| Dataset section |
"""

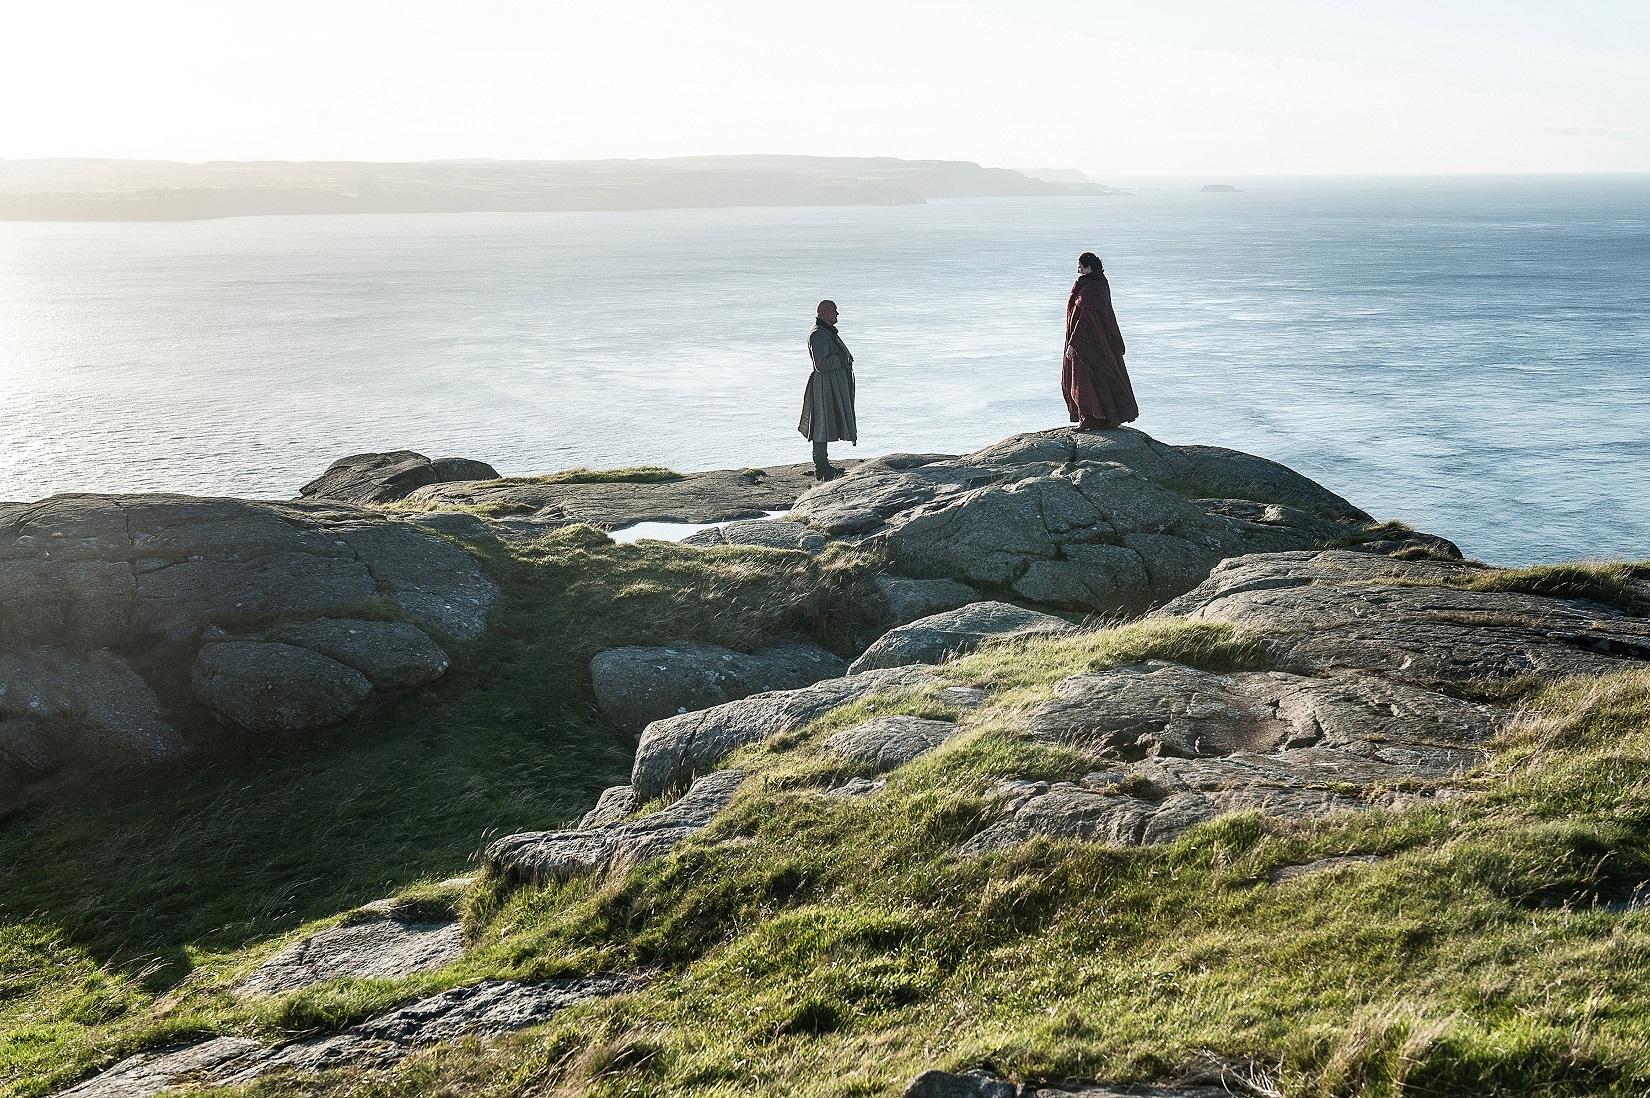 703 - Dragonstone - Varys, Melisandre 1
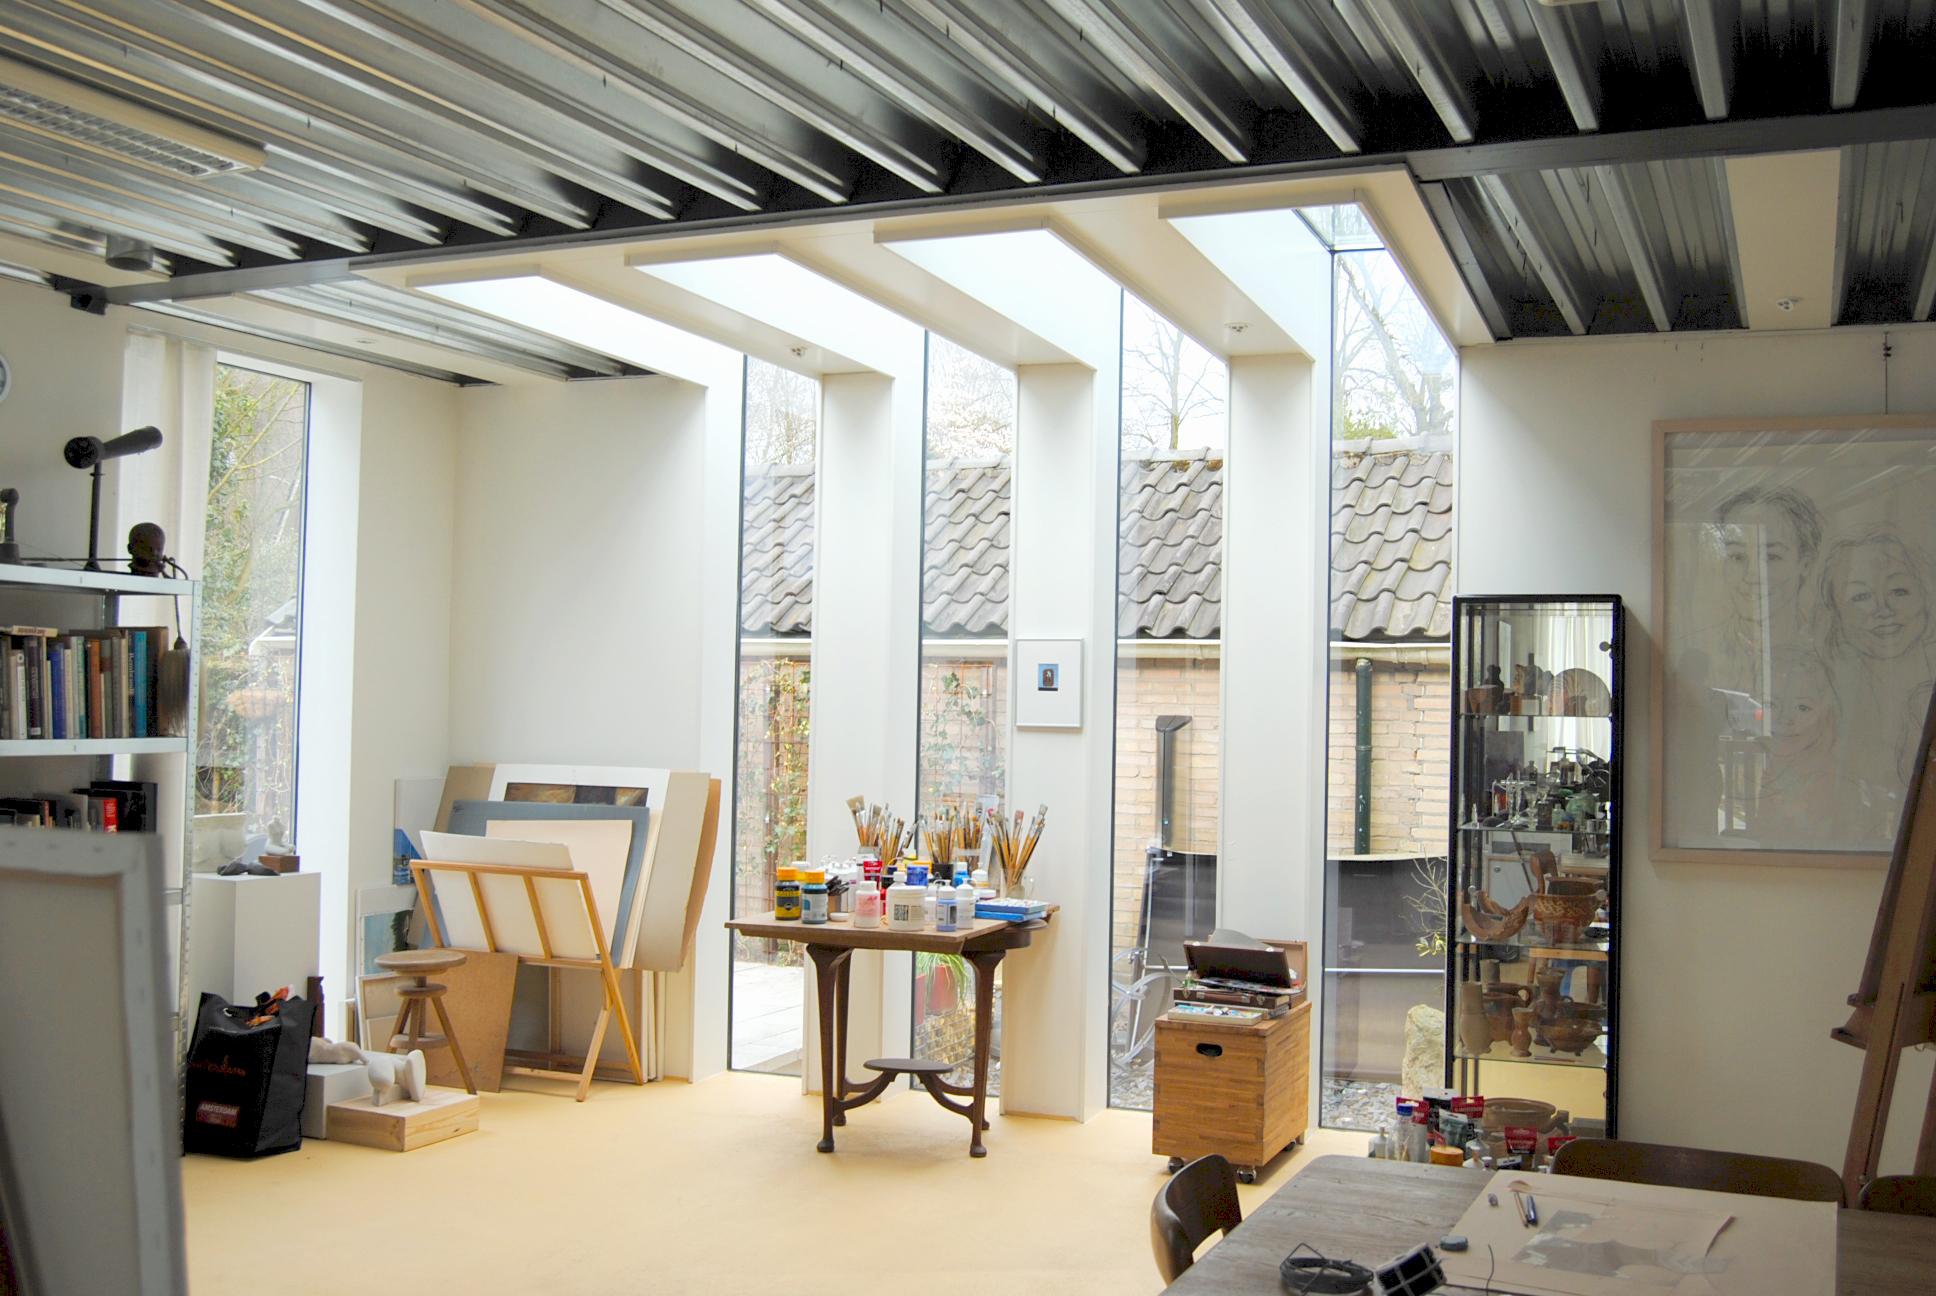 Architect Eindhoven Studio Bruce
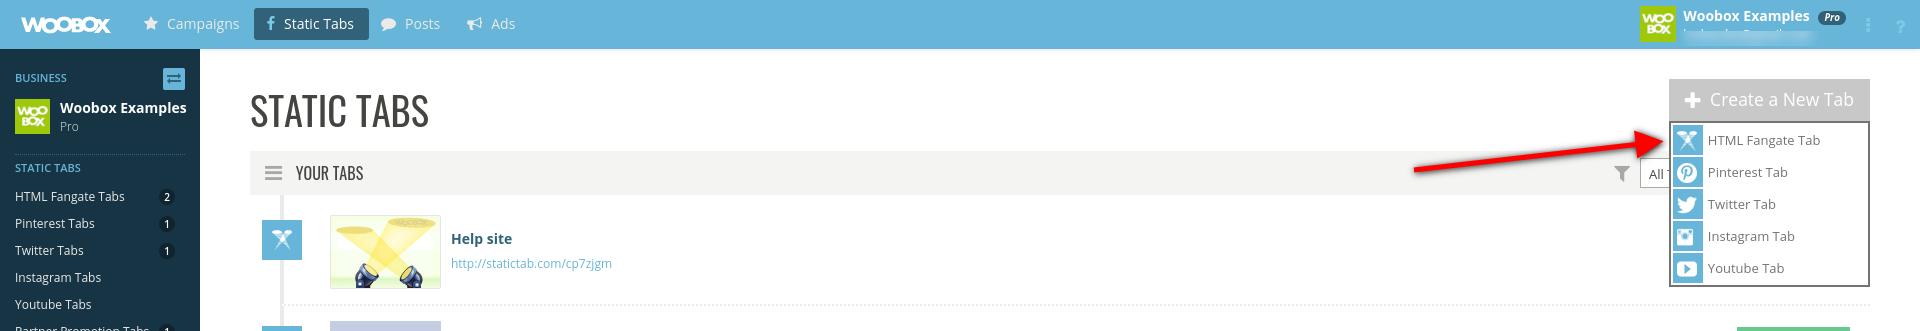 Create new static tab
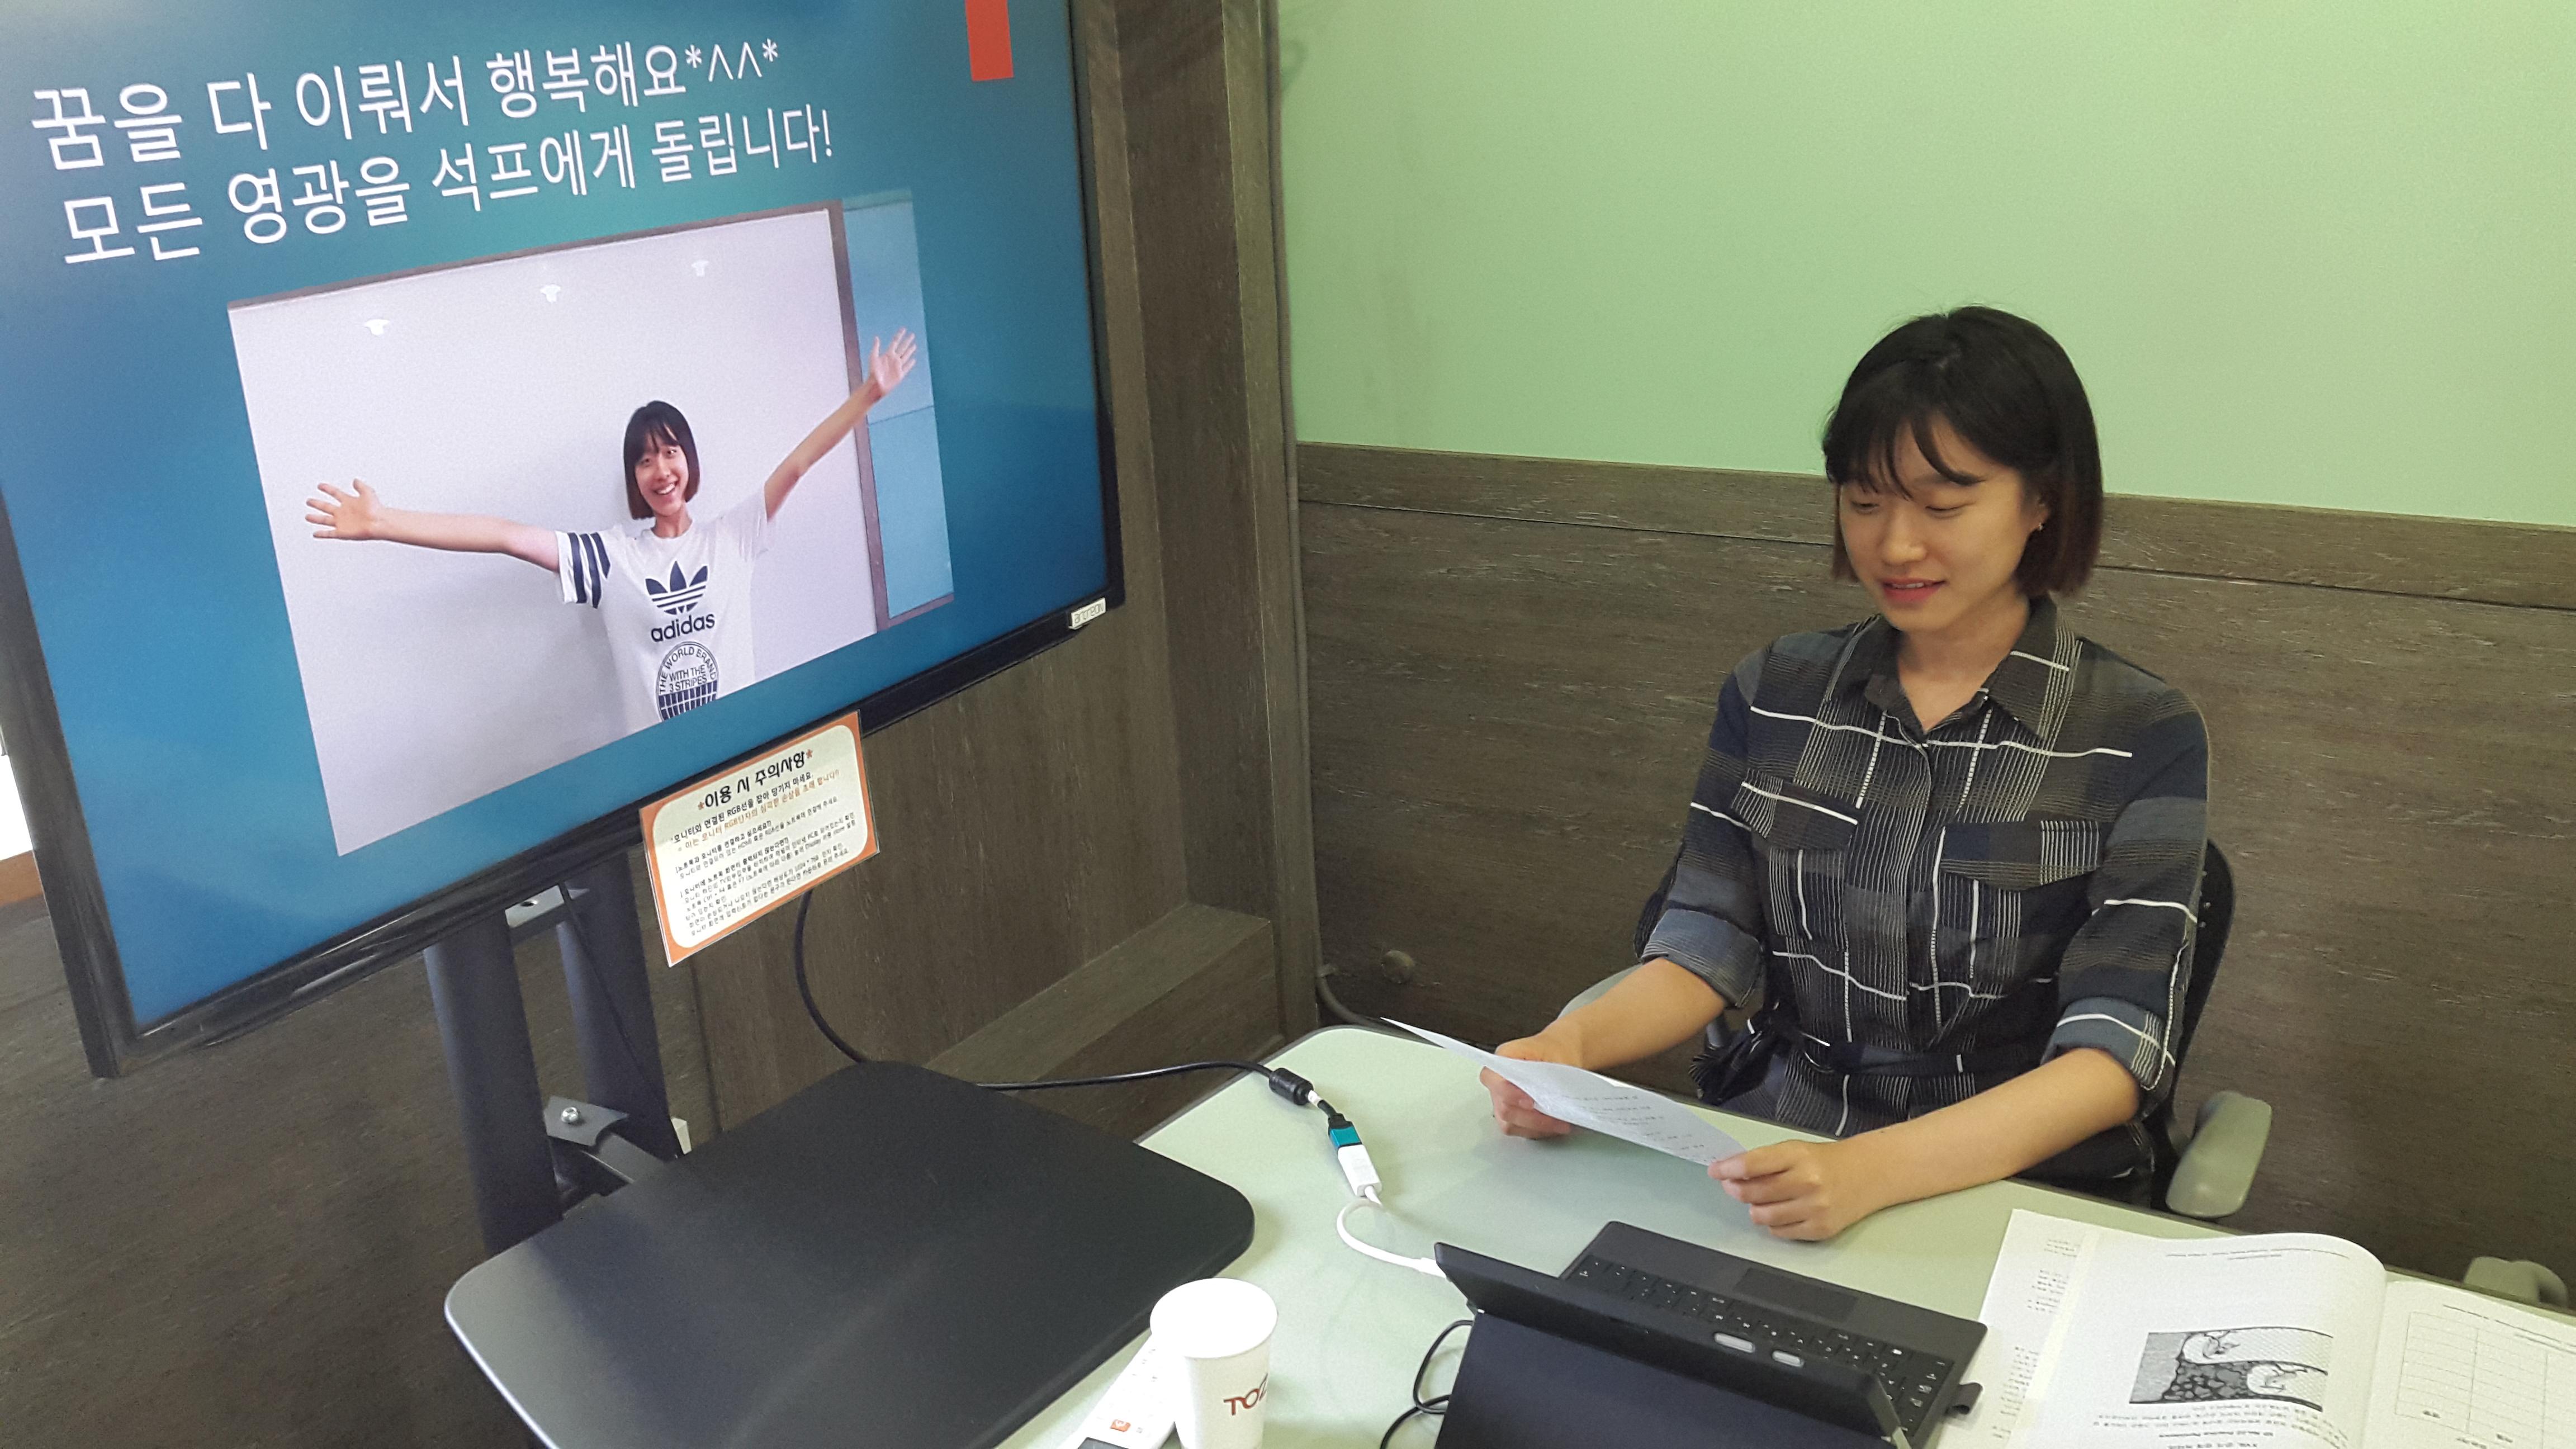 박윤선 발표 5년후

"""

The required output is the lines from the one containing "Architect Eindhoven Studio Bruce" through the end of the data, printed exactly, with no pictures.

| Solution below |
 Architect Eindhoven Studio Bruce
 Create new static tab
 박윤선 발표 5년후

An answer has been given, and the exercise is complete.